In the Shadow of the Moon

 

 

Rated PG | 100 mins

IMDB Info

     Always informative, usually entertaining, and occasionally inspiring, In the Shadow of the Moon is yet another strong affirmation of the fact that the documentary is alive and well. The film chronicles America’s late-1960s quest to put a man on the face of the moon. The viewer is introduced to the initial goal as set forth by the Kennedy Administration, and then shown the completion of the seven Apollo missions later sent to land on the alien planet. For younger audience members like me, the experience functions as a highly informative look into a crucial piece of contemporary American history. Viewers who lived through the events documented in the picture will likely find it more involving on an emotional-level.
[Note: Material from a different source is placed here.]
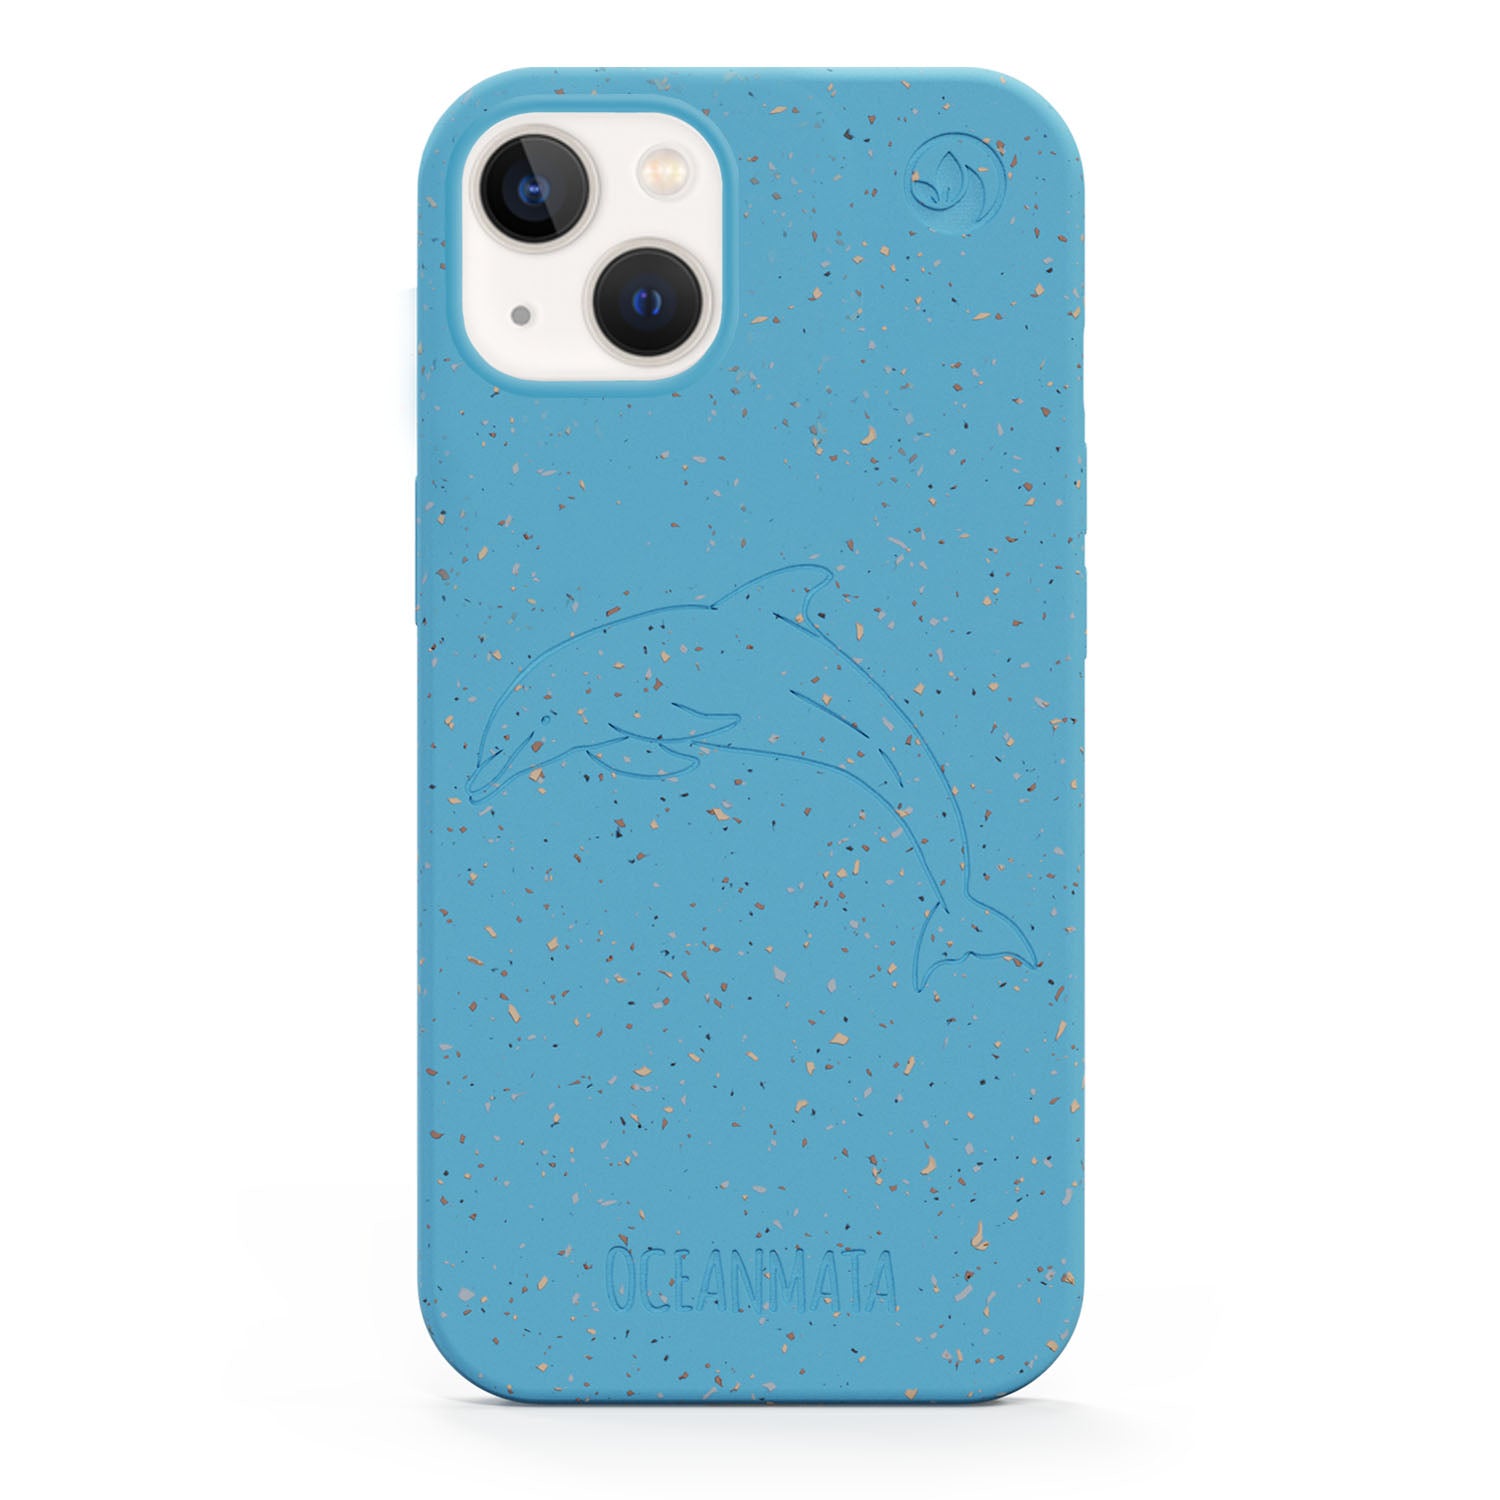 sustainable Apple iPhone case "Dolphin Edition

All ticket-buyers will find the movie’s dazzlingly pro-American themes, conveyed first-hand by the astronauts and NASA-workers involved (primarily Apollo 11’s Buzz Aldrin and Mike Collins), to be uplifting and entirely welcome. In a season of treasonous downers such as Paul Haggis’ In the Valley of Elah, In the Shadow of the Moon’s simple view of a united and hopeful America reminds one of the great things that the people of this country are able to accomplish when thrust into extraordinary circumstances.